Collection entries
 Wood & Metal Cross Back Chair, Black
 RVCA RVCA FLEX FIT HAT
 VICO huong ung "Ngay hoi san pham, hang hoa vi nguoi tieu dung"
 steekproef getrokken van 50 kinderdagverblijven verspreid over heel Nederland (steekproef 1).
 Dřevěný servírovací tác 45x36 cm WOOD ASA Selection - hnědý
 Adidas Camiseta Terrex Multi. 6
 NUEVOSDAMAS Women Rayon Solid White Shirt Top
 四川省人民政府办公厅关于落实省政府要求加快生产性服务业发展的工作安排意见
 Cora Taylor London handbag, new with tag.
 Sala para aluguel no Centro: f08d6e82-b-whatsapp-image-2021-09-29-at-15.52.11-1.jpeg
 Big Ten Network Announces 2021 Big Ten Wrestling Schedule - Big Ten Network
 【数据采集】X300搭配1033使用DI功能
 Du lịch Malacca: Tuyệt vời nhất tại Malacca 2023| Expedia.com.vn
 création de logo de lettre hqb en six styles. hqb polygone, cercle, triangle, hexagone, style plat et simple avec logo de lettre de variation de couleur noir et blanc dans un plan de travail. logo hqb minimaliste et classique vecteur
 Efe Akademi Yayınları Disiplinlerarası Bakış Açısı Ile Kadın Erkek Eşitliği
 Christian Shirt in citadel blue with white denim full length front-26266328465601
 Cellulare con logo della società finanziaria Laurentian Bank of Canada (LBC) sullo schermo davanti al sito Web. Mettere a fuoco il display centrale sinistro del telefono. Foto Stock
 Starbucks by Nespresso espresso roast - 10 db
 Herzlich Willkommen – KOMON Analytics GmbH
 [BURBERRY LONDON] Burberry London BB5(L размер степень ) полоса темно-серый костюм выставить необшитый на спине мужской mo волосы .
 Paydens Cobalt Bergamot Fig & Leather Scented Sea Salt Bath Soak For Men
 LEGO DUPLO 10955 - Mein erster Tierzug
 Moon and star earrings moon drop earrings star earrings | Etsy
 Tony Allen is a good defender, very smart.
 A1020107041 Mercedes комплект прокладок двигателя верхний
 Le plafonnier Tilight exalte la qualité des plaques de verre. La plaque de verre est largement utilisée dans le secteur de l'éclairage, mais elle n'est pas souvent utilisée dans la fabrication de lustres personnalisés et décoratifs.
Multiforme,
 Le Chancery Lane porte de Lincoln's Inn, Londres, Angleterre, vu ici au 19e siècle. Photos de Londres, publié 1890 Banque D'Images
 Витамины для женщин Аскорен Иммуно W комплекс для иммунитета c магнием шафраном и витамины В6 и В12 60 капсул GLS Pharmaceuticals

## REQUIREMENT
Give every entry once more, exactly as it reads.

## RESULT OF THIS TASK
 Wood & Metal Cross Back Chair, Black
 RVCA RVCA FLEX FIT HAT
 VICO huong ung "Ngay hoi san pham, hang hoa vi nguoi tieu dung"
 steekproef getrokken van 50 kinderdagverblijven verspreid over heel Nederland (steekproef 1).
 Dřevěný servírovací tác 45x36 cm WOOD ASA Selection - hnědý
 Adidas Camiseta Terrex Multi. 6
 NUEVOSDAMAS Women Rayon Solid White Shirt Top
 四川省人民政府办公厅关于落实省政府要求加快生产性服务业发展的工作安排意见
 Cora Taylor London handbag, new with tag.
 Sala para aluguel no Centro: f08d6e82-b-whatsapp-image-2021-09-29-at-15.52.11-1.jpeg
 Big Ten Network Announces 2021 Big Ten Wrestling Schedule - Big Ten Network
 【数据采集】X300搭配1033使用DI功能
 Du lịch Malacca: Tuyệt vời nhất tại Malacca 2023| Expedia.com.vn
 création de logo de lettre hqb en six styles. hqb polygone, cercle, triangle, hexagone, style plat et simple avec logo de lettre de variation de couleur noir et blanc dans un plan de travail. logo hqb minimaliste et classique vecteur
 Efe Akademi Yayınları Disiplinlerarası Bakış Açısı Ile Kadın Erkek Eşitliği
 Christian Shirt in citadel blue with white denim full length front-26266328465601
 Cellulare con logo della società finanziaria Laurentian Bank of Canada (LBC) sullo schermo davanti al sito Web. Mettere a fuoco il display centrale sinistro del telefono. Foto Stock
 Starbucks by Nespresso espresso roast - 10 db
 Herzlich Willkommen – KOMON Analytics GmbH
 [BURBERRY LONDON] Burberry London BB5(L размер степень ) полоса темно-серый костюм выставить необшитый на спине мужской mo волосы .
 Paydens Cobalt Bergamot Fig & Leather Scented Sea Salt Bath Soak For Men
 LEGO DUPLO 10955 - Mein erster Tierzug
 Moon and star earrings moon drop earrings star earrings | Etsy
 Tony Allen is a good defender, very smart.
 A1020107041 Mercedes комплект прокладок двигателя верхний
 Le plafonnier Tilight exalte la qualité des plaques de verre. La plaque de verre est largement utilisée dans le secteur de l'éclairage, mais elle n'est pas souvent utilisée dans la fabrication de lustres personnalisés et décoratifs.
Multiforme,
 Le Chancery Lane porte de Lincoln's Inn, Londres, Angleterre, vu ici au 19e siècle. Photos de Londres, publié 1890 Banque D'Images
 Витамины для женщин Аскорен Иммуно W комплекс для иммунитета c магнием шафраном и витамины В6 и В12 60 капсул GLS Pharmaceuticals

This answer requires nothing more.